Ethnicity, State and Democracy in Southern Africa: a historical perspective on rural-based nationalities

by Michael Neocosmos, 1994 (revised in 1998)

This paper constitutes an attempt to make some sense out of the vexed question of ethnicity in the context of a democratizing Southern Africa and in Southern Africa alone, although several of my observations may also be valid, with little or no modification, for other parts of the continent. Its objectives are limited to making some general observations on the historical development of ethnic groups, most of which I prefer to call nationalities for reasons which I shall make clear below. Evidently, a discussion of the history of ethnicity presupposes that ethnic groups do have a history, something which I take to be axiomatic.  
I am not concerned with those viewpoints which deny a history to ethnicity by seeing so-called 'tribalism' as either inherent in African society or indeed as a simple left-over from pre-colonial times (primordialism). The evidence for such a history is overwhelming. At the same time, I attempt to move beyond the histories (nationalist and statist in persuasion) which see ethnicity as simply a creation of the colonial state and/or reactionary as a matter of principle. Unfortunately for such conceptions, 'tribalism' did not disappear under the conditions of independence in Africa. Rather the trend has been for post-colonial statism to smash any demonstration of popular ethnic opposition as a threat to national unity, irrespective of the content of the demands (whether democratic or undemocratic) of such opposition. In actual fact, the sanctification of national integrity by the post-colonial state has always been rather hypocritical, as the state ruled partly by giving different nationalities (or other groups such as party members) differential access to resources. Therefore, the national claims of the post-colonial state itself have often been dubious, a fact which goes some way towards explaining its insecurity in this regard.

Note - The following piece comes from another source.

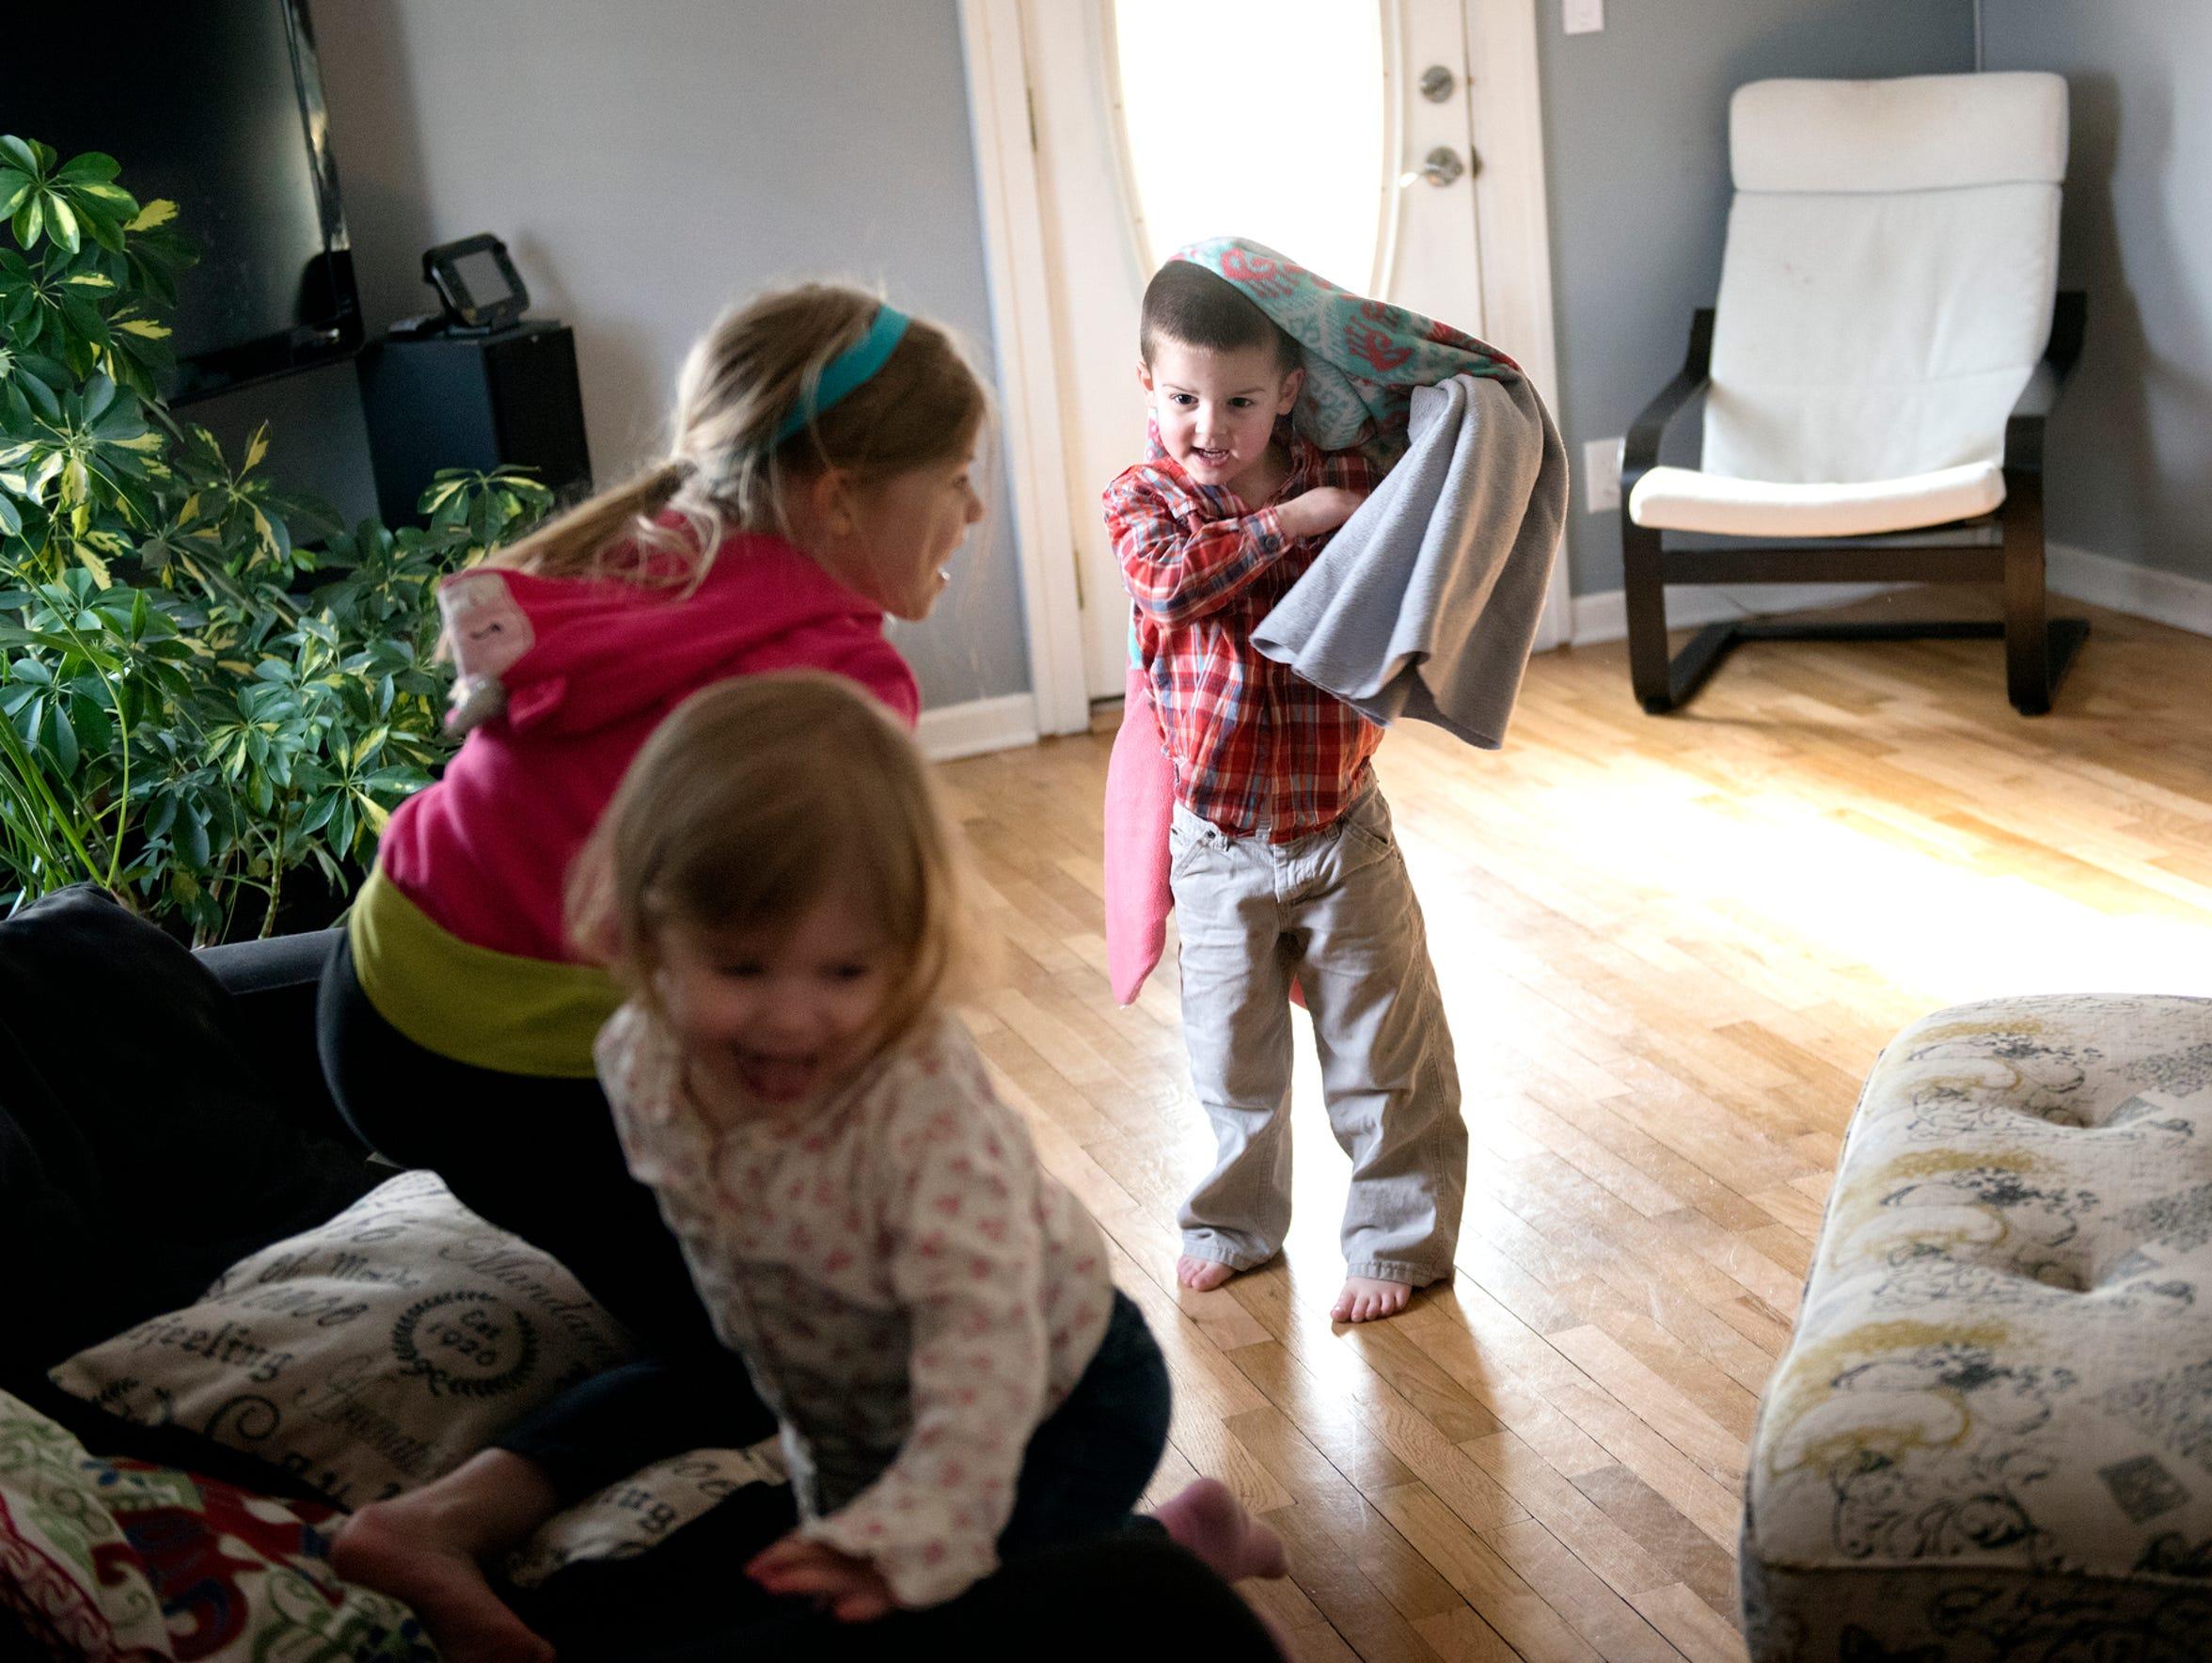 Simeon Neuenschwander, 4, right, pulls a blanket off

This paper builds upon arguments on the political economy of rural relations in Southern Africa which I have developed at length elsewhere (Neocosmos, 1993a). In this work, rural working people were considered principally economically, as petty-commodity producers and labour migrants for example. While this is in essence a valid procedure as commodity relations, especially under monopoly conditions, did systematically transform their conditions of economic existence, their modes of livelihood operate within, and are only comprehensible in terms of a history which was constrained by nationality divisions. To give a simple example, access to land (the main means of economic reproduction), is acquired generally through a chief or another state institution (such as land boards in Botswana for example) and provided only to members of an 'ethnic community', not to 'strangers'; in addition it is provided within a cultural context and thus its provision is governed by cultural prescriptions.